You feel embarrassed that you lost your train of thought and I can totally relate but truly I did it before the stroke all of the time (still do it now) and in fact I have been told that I talk like Ellen or Dorie (she did the Nemo cartoon) and I just trail off like I am giving a pregnant pause but in reality I just don't know where I was going with the thought........but perhaps it was what should happen and perhaps it was the lead up to then that was important......    I wonder how stupid I look but when others do it I wonder did they intend to stop here  and are they so smart and I can't keep up with them... I didn't think they were damaged but who knows.

 

I am continuing grad school.  My brain is older than the others in the cohort so it is suffering all those age things and then I am on medication and it means memory stuff and processing speed and stuff unknown that surely get in my way...and I know some know I have a stroke head and I don't think everyone knows....

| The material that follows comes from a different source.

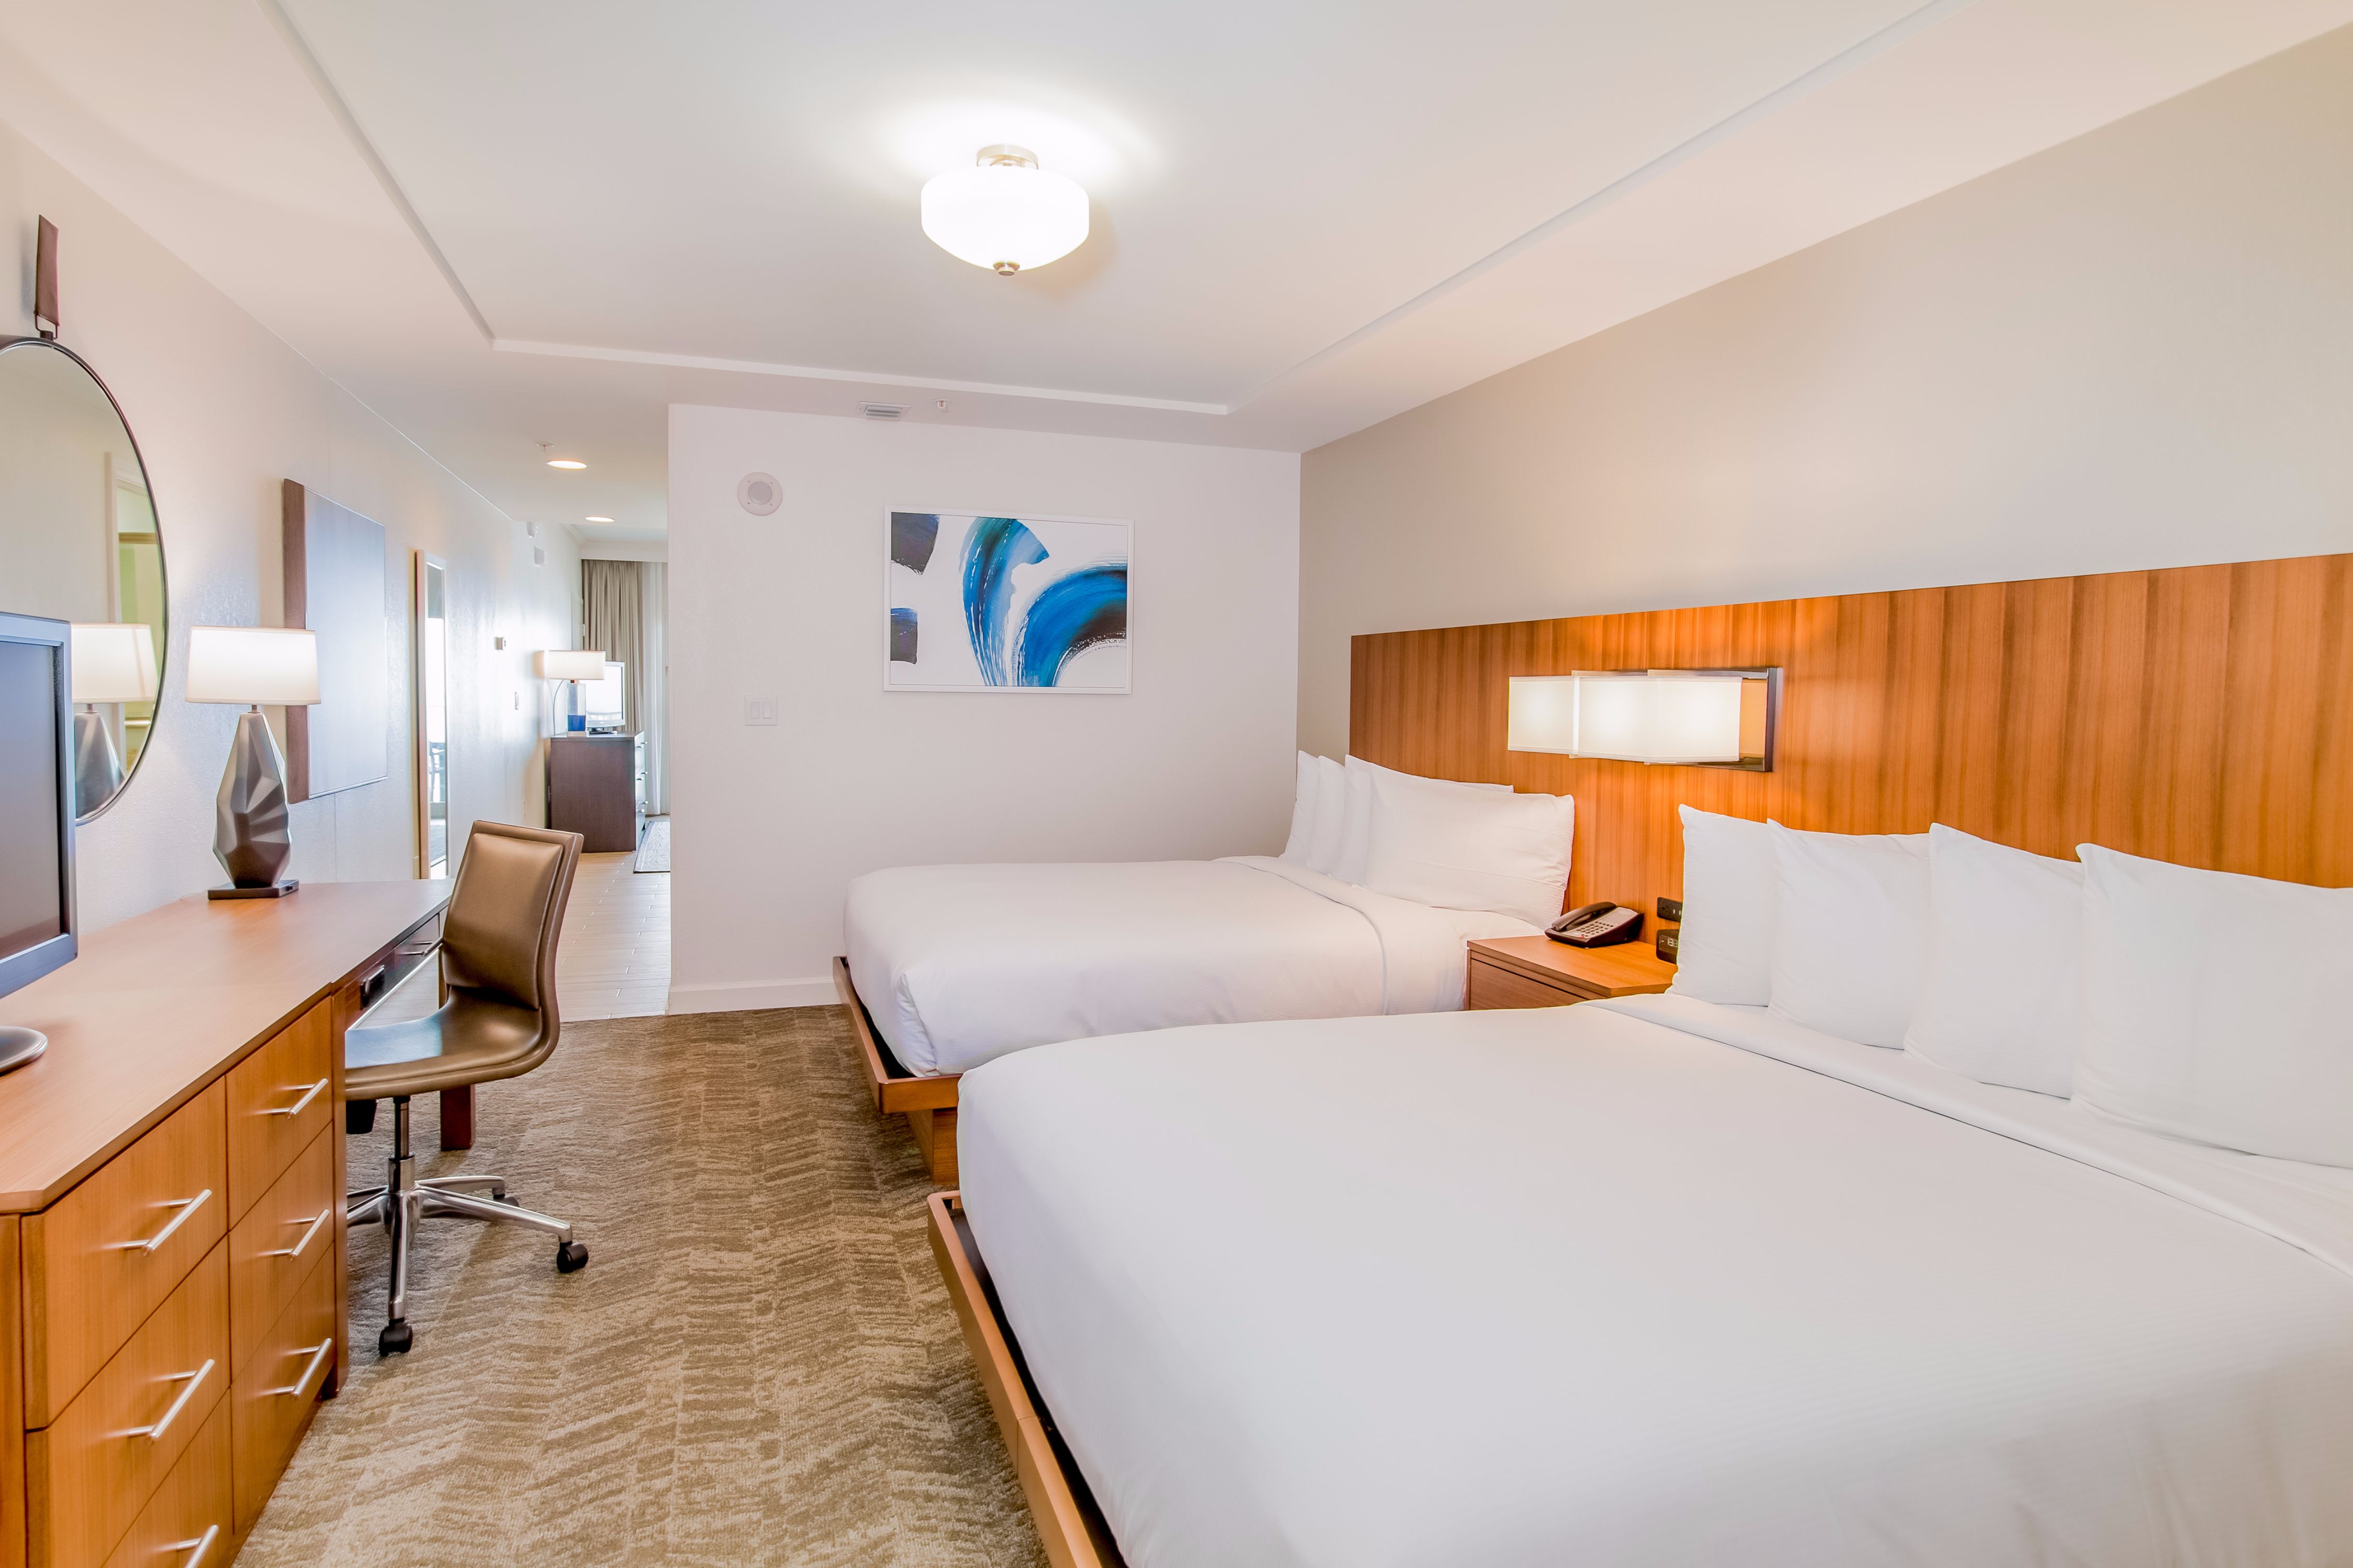 Junior suite with two queen beds, work desk, and TV

Who cares!!! I know I am probably sitting next to young persons with learning disabilities or even some other problems.  And smart people sometimes stammer with things to say as their minds race away.....

 

You are obviously well educated and well spoken and enjoy being in a group with lively discussion. Why give that up?  You don't need to feel that you don't belong there or that you need to explain why you lost a train of thought because truthfully it happens to folks  and you probably had lots to say and just got brain flood.  If you want the group to know more about you and sharing the stroke is part of them understanding you then go for it and tell what you need to share but it is ok too if you want to just keep that to yourself.  Not everyone is a good public speaker so they may chalk it up to that.

 

From what I have read on here David is Not Damaged.  maybe you notice the sharpness has decreased but that isn't damaged in the sense that it is ruined and not good enough.  it just means that you compensate.

You are courageous and out there in the midst of life. Stay there. They need you for what you have to say and for all of who you are and what you bring by just being you there where you are.

 

Resilience is my word for David, not damaged. phooey on that word! white out time.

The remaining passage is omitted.